# Harmonic analysis - A little assistance is needed



## ProudSquire (Nov 30, 2011)

*Harmonic analysis - Issue Resolved*

*Edit:*

The problem is solved. Thank you everyone for your input, it's greatly appreciated.

TPS


----------



## Richannes Wrahms (Jan 6, 2014)

This is a dangerous place to post this, PetrB may kill your instructor.


----------



## ProudSquire (Nov 30, 2011)

Richannes Wrahms said:


> This is a dangerous place to post this, PetrB may kill your instructor.


That might spare his future pupils a little bit of misery, which is a good thing! But of course, killing is not a permissible act.


----------



## brianvds (May 1, 2013)

Well, all I can say is welcome to the club: I have never been able to make head or tails of harmonic analysis either, not in many years of repeatedly tackling the subject.


----------



## GGluek (Dec 11, 2011)

This is the sort of thing that gives musicology a bad name.


----------



## senza sordino (Oct 20, 2013)

Analysis is something I've never studied. I can do it slowly, maybe. Give me a few weeks, though I bet you don't have that much time.

However, on my first look I did notice that you do not always label your E's as Eb. You did this with Bb as well. The Roman numeral is probably correct but you know it's a Bb or Eb, but you didn't always write in the "flat" That was confusing for me.


----------



## ProudSquire (Nov 30, 2011)

senza sordino said:


> Analysis is something I've never studied. I can do it slowly, maybe. Give me a few weeks, though I bet you have that much time.
> 
> However, on my first look I did notice that you do not always label your E's as Eb. You did this with Bb as well. The Roman numeral is probably correct but you know it's a Bb or Eb, but you didn't always write in the "flat"

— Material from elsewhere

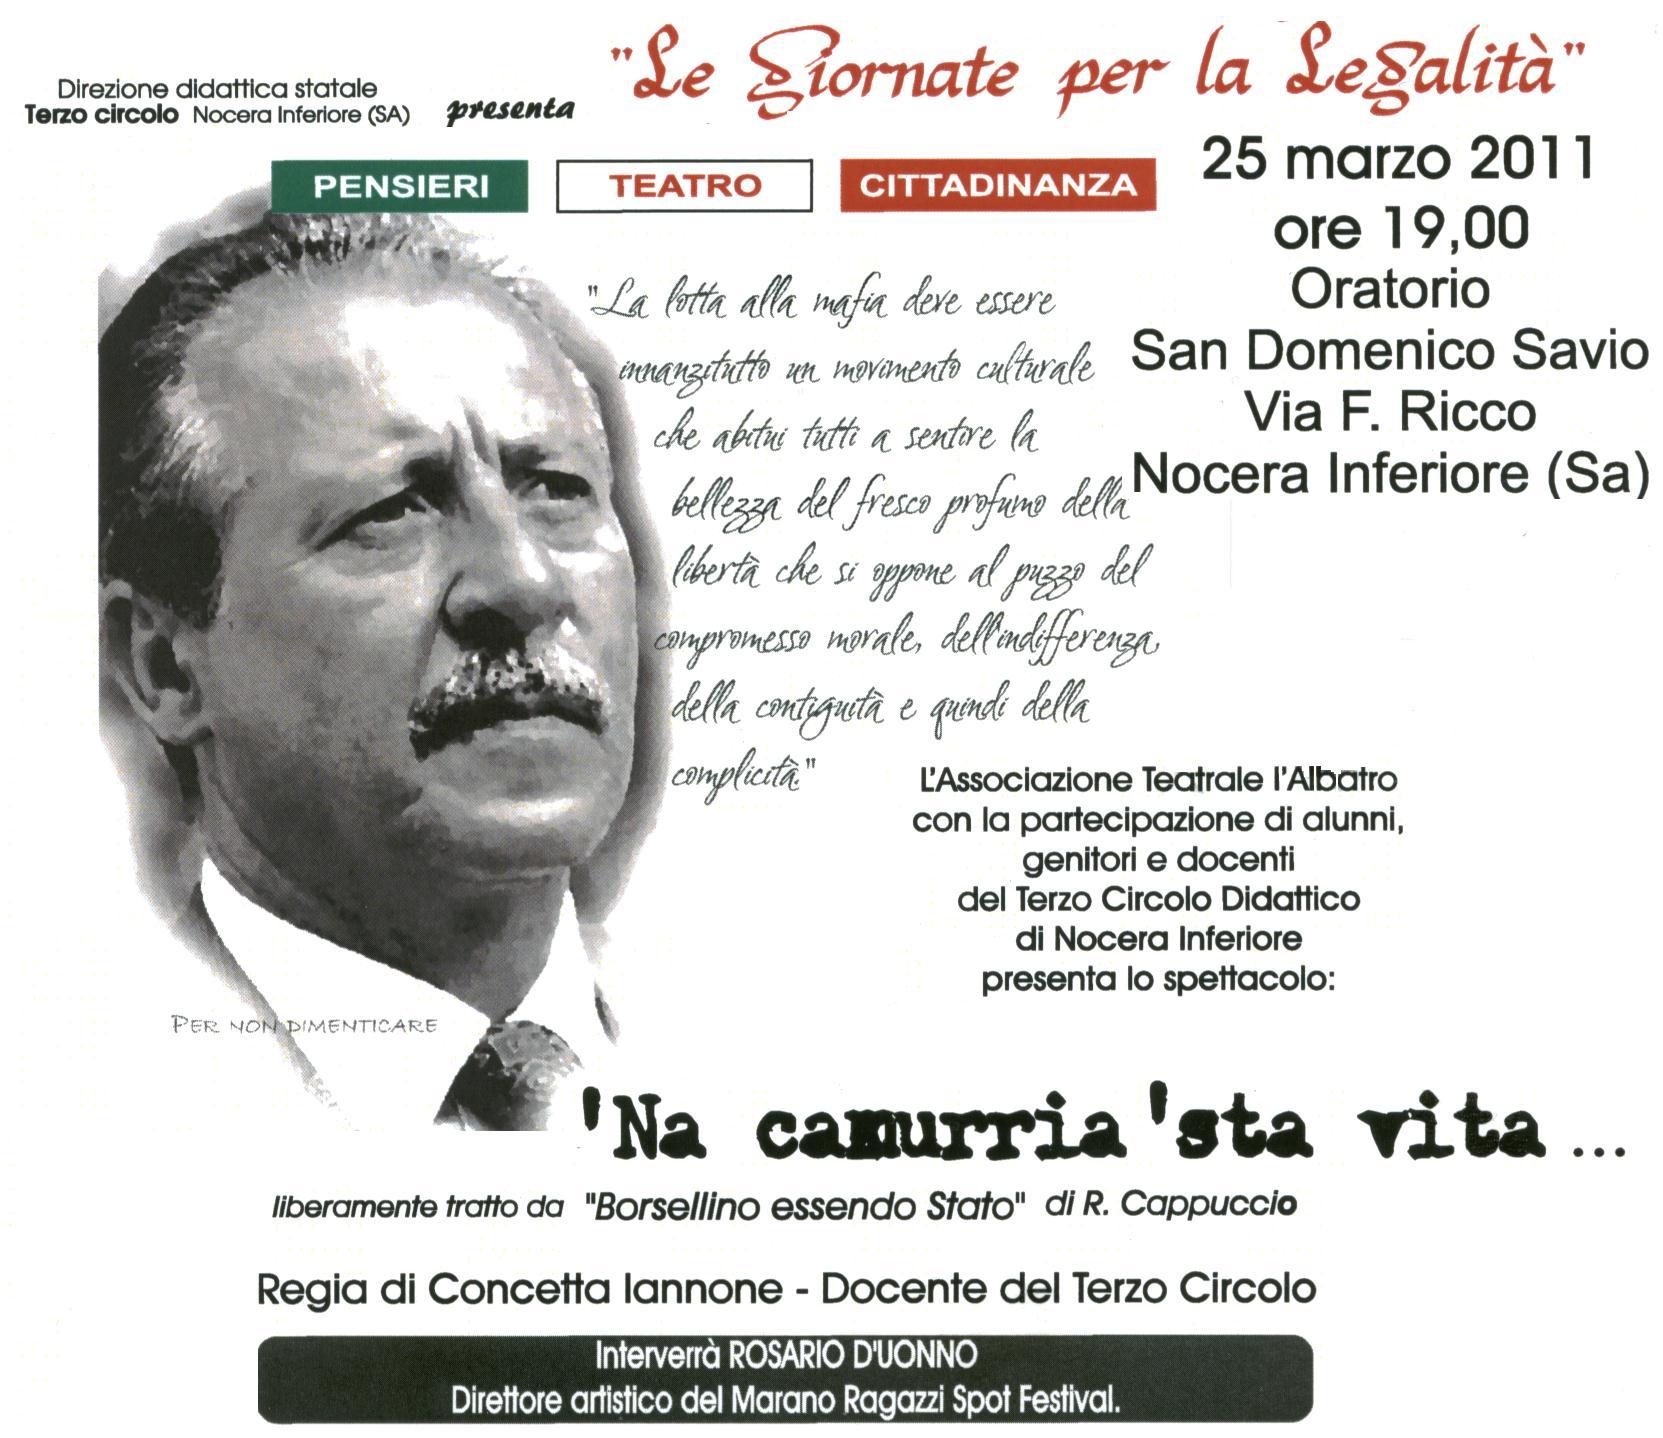 Nocera Inferiore: Giornate per la legalità  Dentro Salerno  L ...
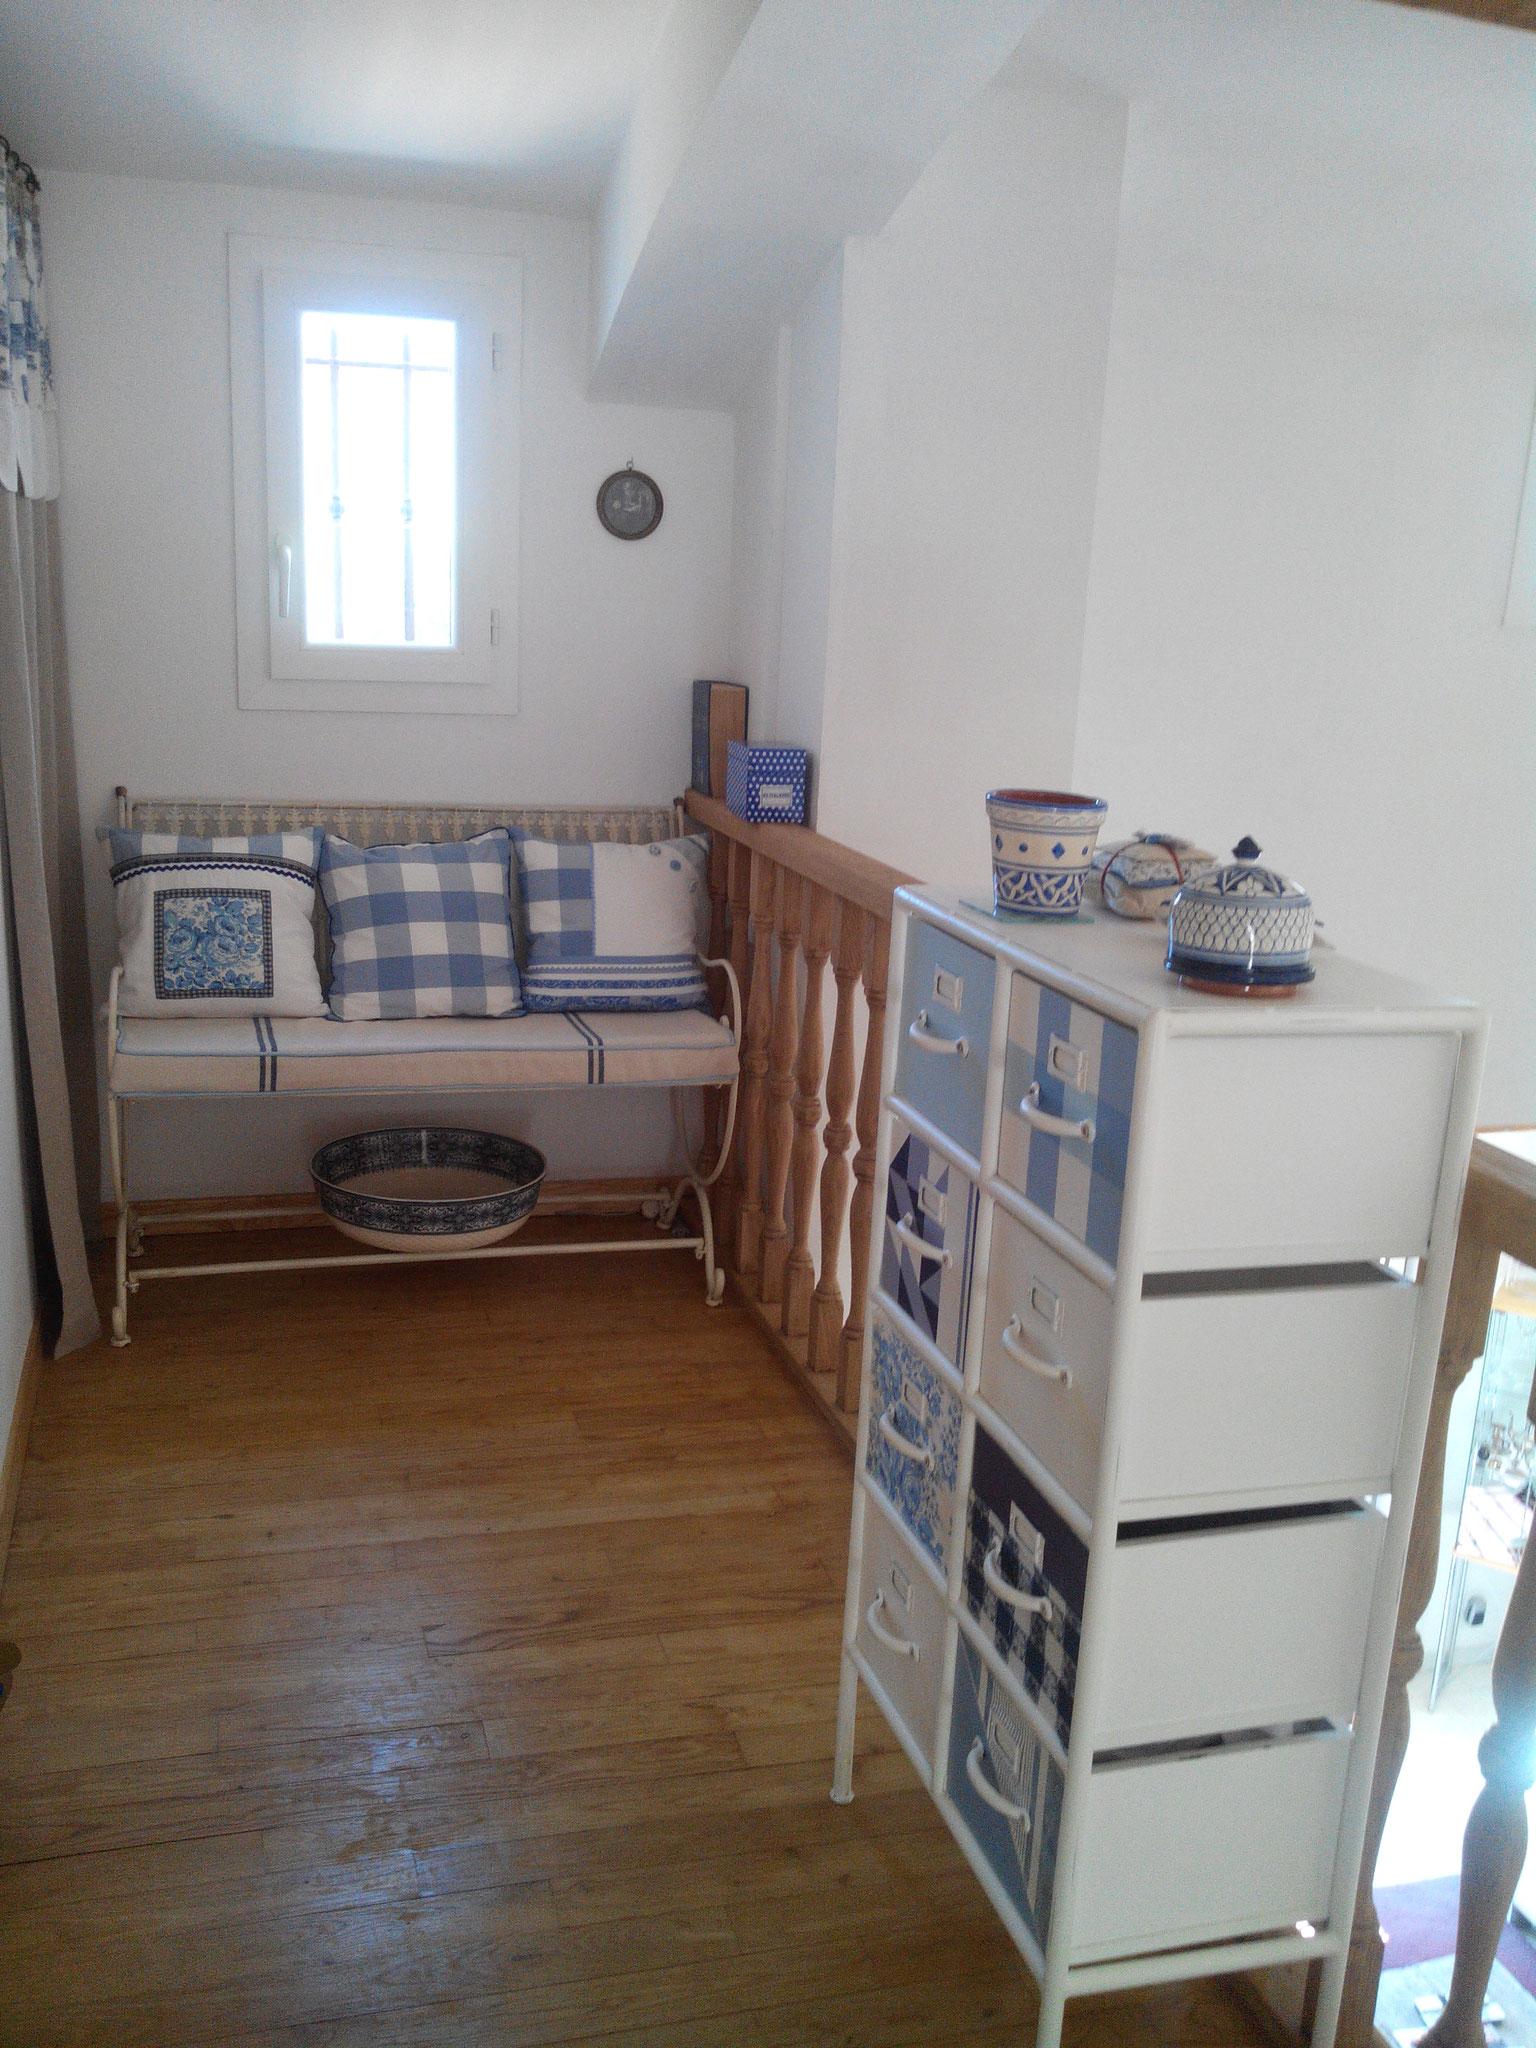 le palier/mezzanine entre les 2 chambres

That's very true. I originally wanted to write in the flats, but I was a bit uncertain. I did go ahead and write in a few, but I'm glad that it's all cleared up now. I've pretty much completed everything, I just need to write in the flats and label the cadences.
Thank you so much, Sordino for pointing that out for me, I really appreciate it.


----------



## ProudSquire (Nov 30, 2011)

GGluek said:


> This is the sort of thing that gives musicology a bad name.


Anything else that you'd like to add? If not, then, thank you kindly for your input. :}


----------